Today, a smart building uses automated processes to seamlessly control those same building operations of heating, ventilation, and airflow, but also include security systems, lighting, and more. Modern smart buildings feel almost like living organisms in that they react to external factors such as heat, humidity, sunlight, and critically the number of people inside, where they are and what they are doing.

The idea behind smart buildings today are designed to reduce energy use, optimizes space utilisation, and critically minimise environmental impact. If heating and lights are only switched on when people are in specific rooms and temperatures are below a certain level, then that can make huge energy savings, which is good both for a company’s bottom line and the environment.

What is PoE lighting?

Lighting consumes a significant amount of energy, and so an automated system that controls the lighting within a building is attractive to any company looking to save money and improve their green credentials.

Most businesses are already moving towards LED lighting systems over the traditional incandescent or halogen bulbs which wasted significant amounts of energy as heat. In general, these LED bulbs can be simple exact replacements for their halogen counterparts, but for companies that want to make their systems both smarter and more efficient then a PoE (power over ethernet) lighting system is an increasingly popular solution.
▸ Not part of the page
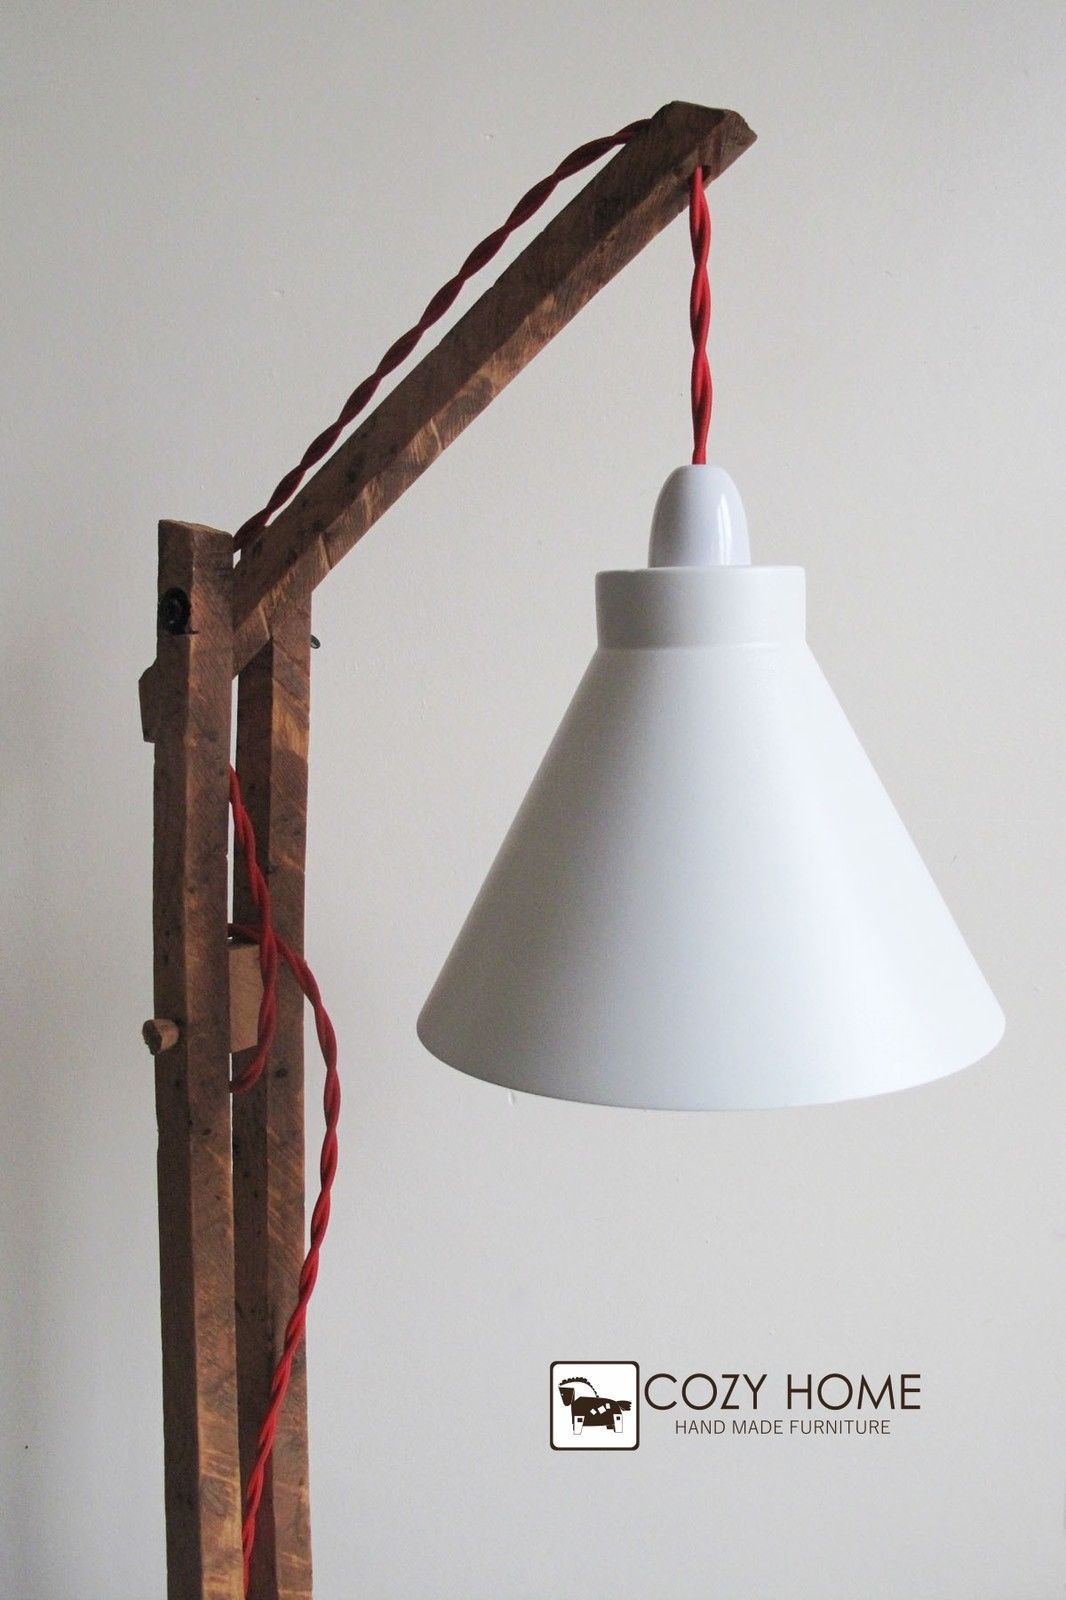 Vintage wooden stand lamp,Floor lamp standing | Floor lamp, Vintage ... for diy lamp stand ideas  35fsj

Ethernet technology has been used in the IT sector for decades, connecting up PCs, switches, and routers to the data network. However, by providing power and data over the same connection, wiring together a smart lighting system suddenly becomes significantly easier and less expensive.

Rather than needing to connect lights to the mains power and then somehow control them via smart WiFi-connected bulbs or other technology, PoE means that the LED lights are connected only by a single ethernet cable, which is significantly more reliable. And, with PoE and LEDs both relying on DC power, there is no energy loss from changing between AC and DC, meaning such a system is easier to install and maintain and cheaper to run.

PoE was originally launched back in 2003, but with the technology only capable of delivering 15.4W per port, it was difficult to use for lighting systems which need more power to light a room. The latest standard, 802.3bt, was adopted in late 2018, and has made PoE lighting a reality with the ability for the network to carry 60W per port (Type 3) and 90W per port (Type 4) by using all four pairs of a PoE cable.

Simple ethernet connectivity will make it easier than ever to crate smart systems, with lights, sensors, thermostats, and security systems and more all connected with single cables and more easily automated through a single wired system. It is the future, and with as the standards improve and offer more power delivery through the same single connection, more complex and environmentally-friendly systems are finally within reach.